* Problem *
Your task is to repeat exactly the lines below between the line holding "MLS# 4345402 - 32" and the line holding "Washington ST Bridge by Greg Milunich", inclusive, and only those.
=== Data extract ===
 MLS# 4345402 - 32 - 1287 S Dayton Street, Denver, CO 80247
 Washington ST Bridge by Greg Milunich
===
=== Data extract ===
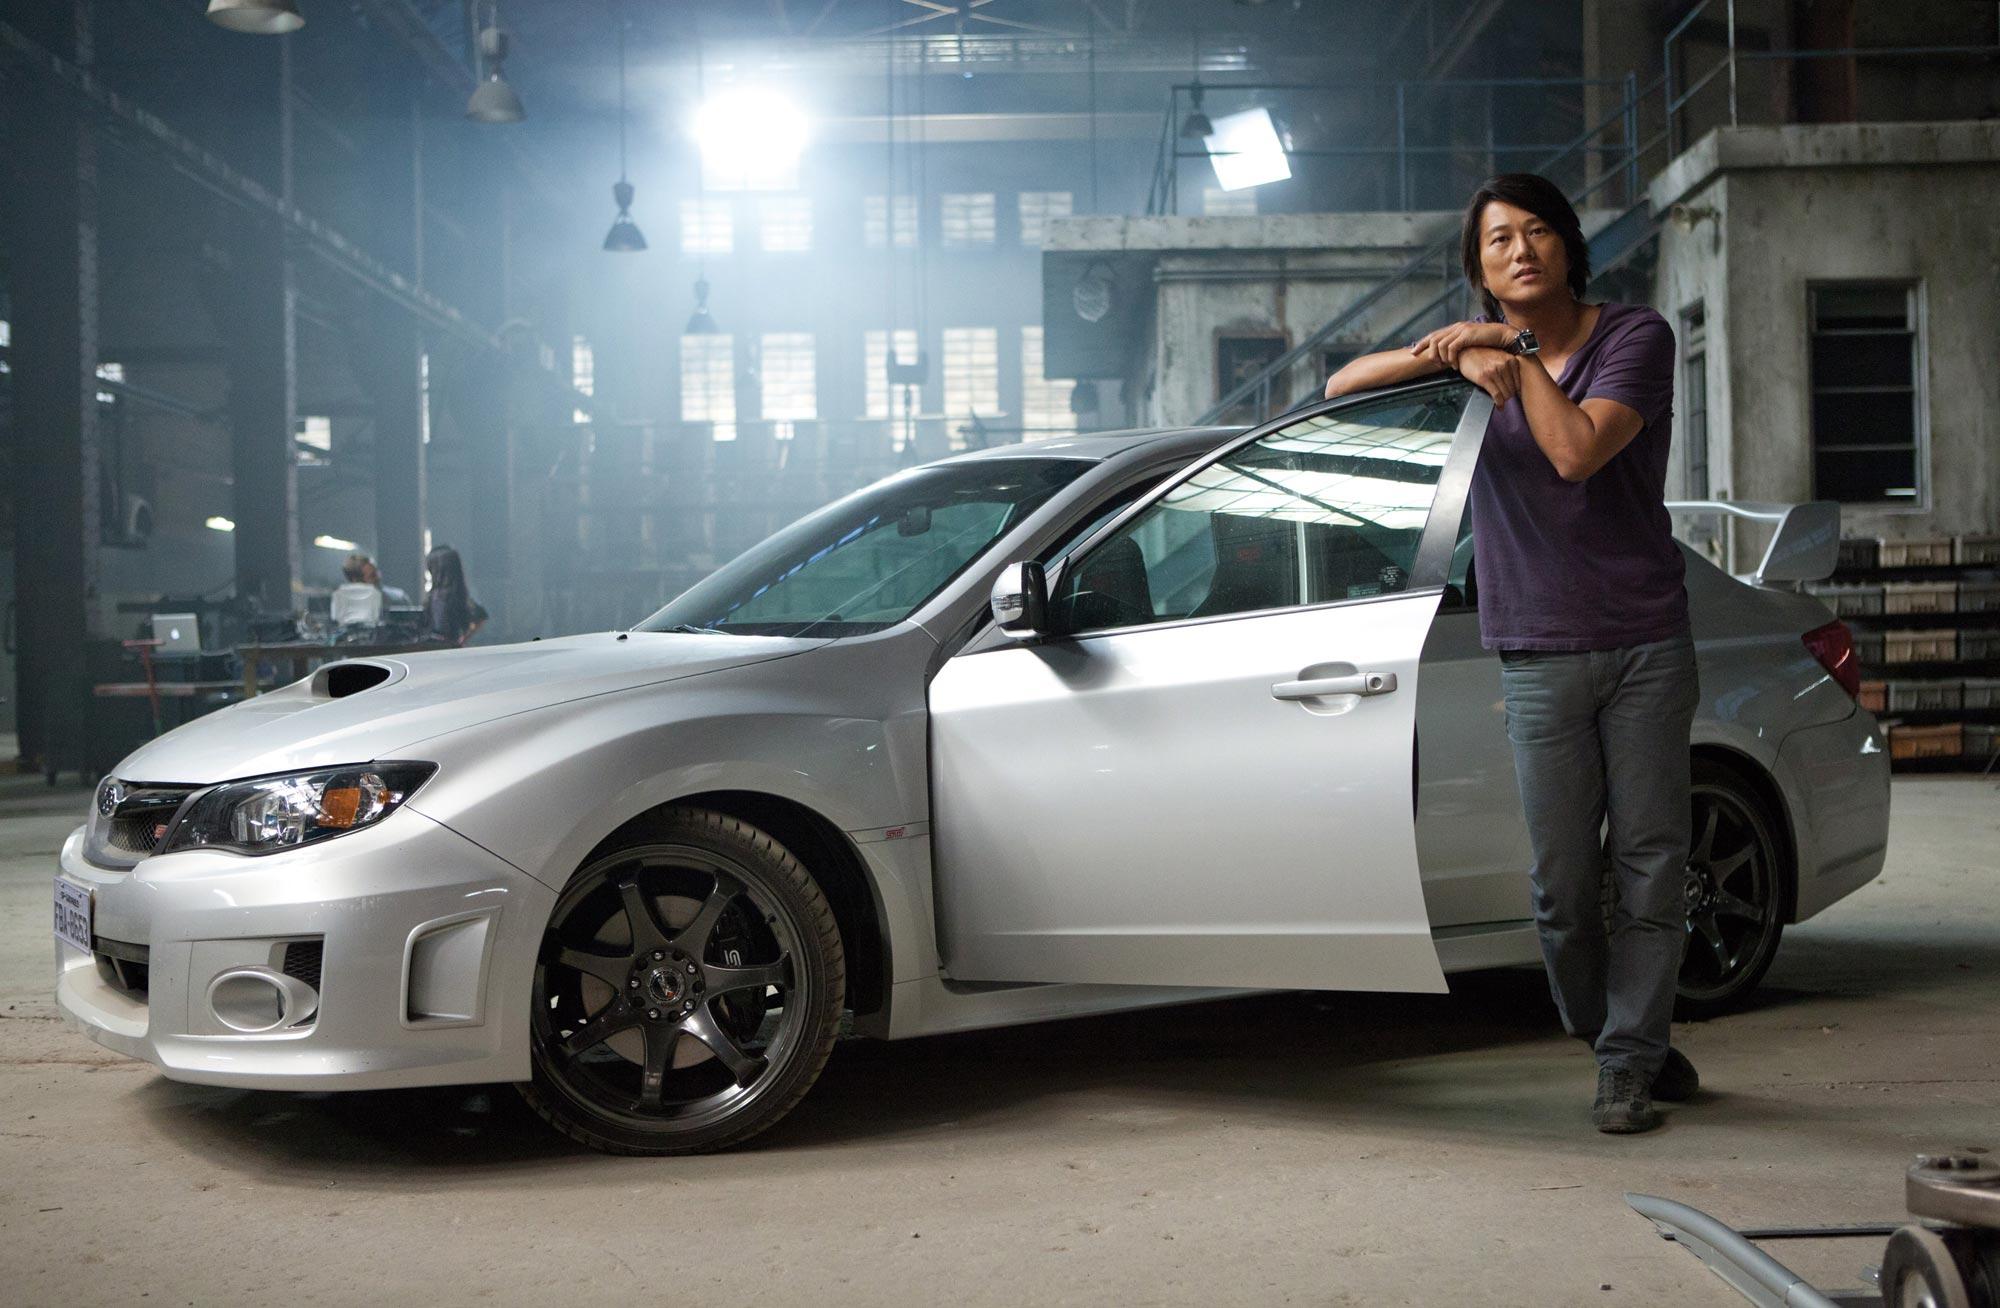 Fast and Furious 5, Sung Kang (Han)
===
=== Data extract ===
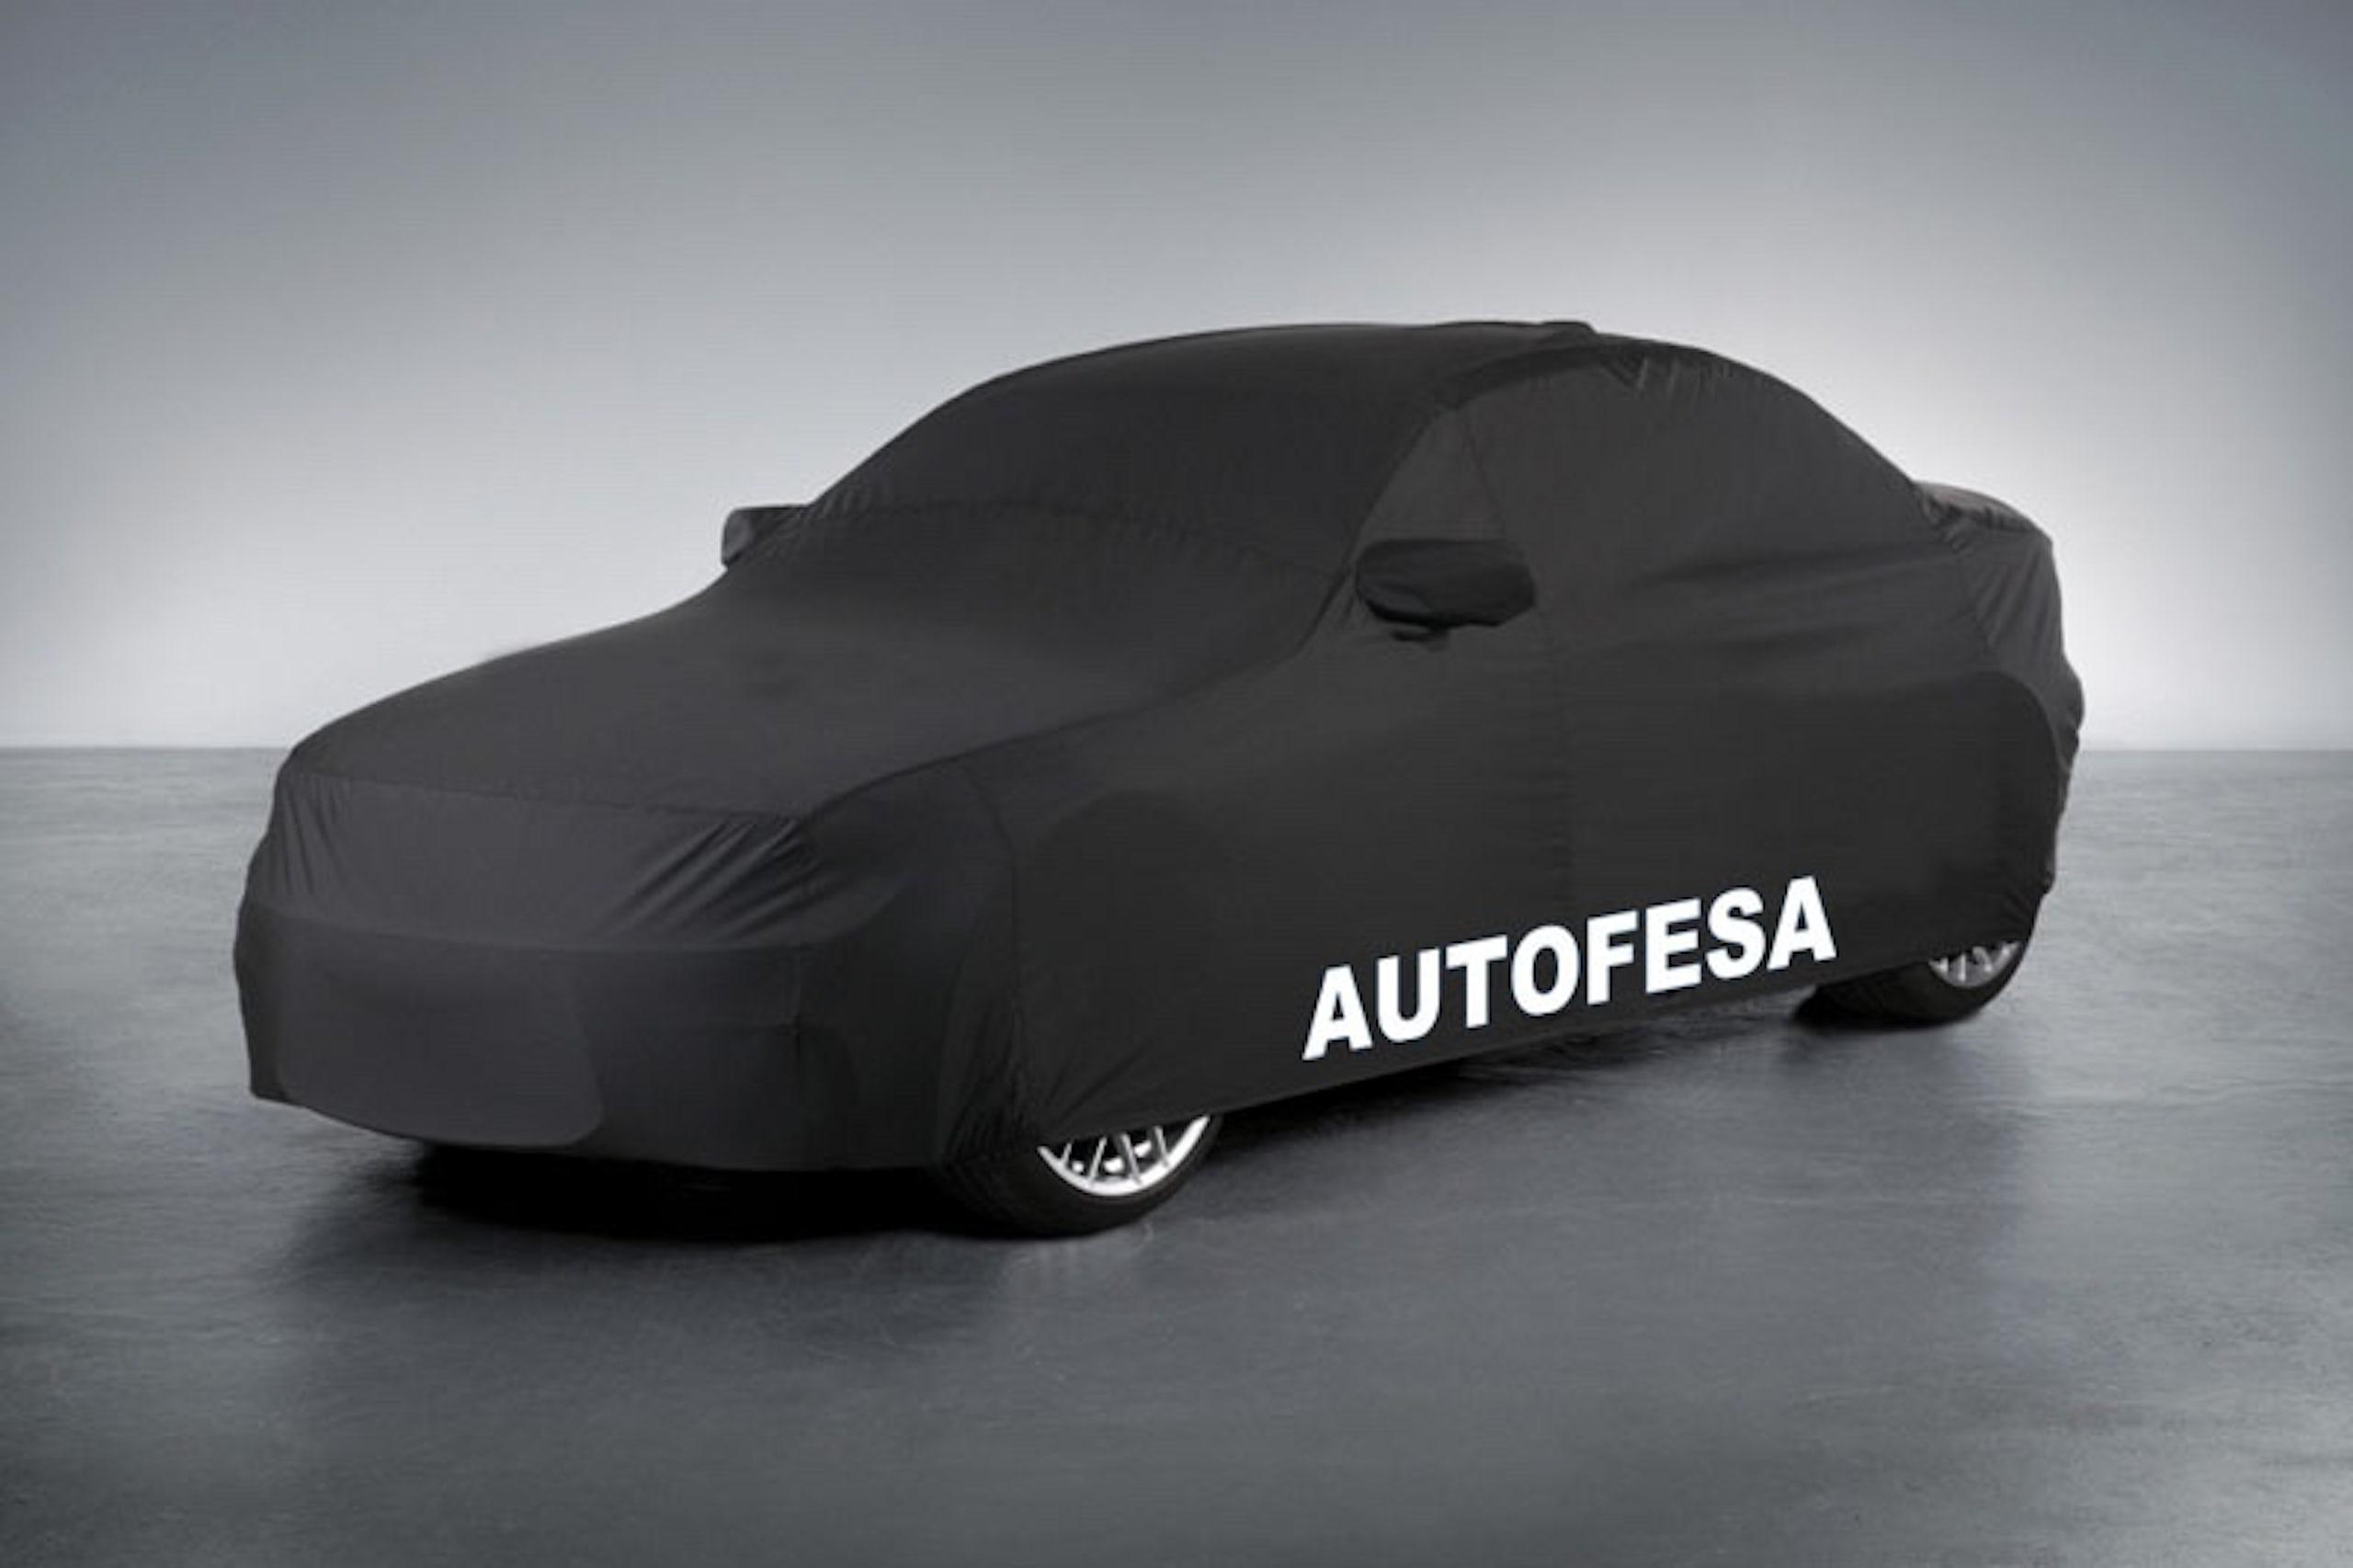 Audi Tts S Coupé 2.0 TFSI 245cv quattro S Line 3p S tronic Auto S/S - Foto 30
===
* Reply to the task *
 MLS# 4345402 - 32 - 1287 S Dayton Street, Denver, CO 80247
 Washington ST Bridge by Greg Milunich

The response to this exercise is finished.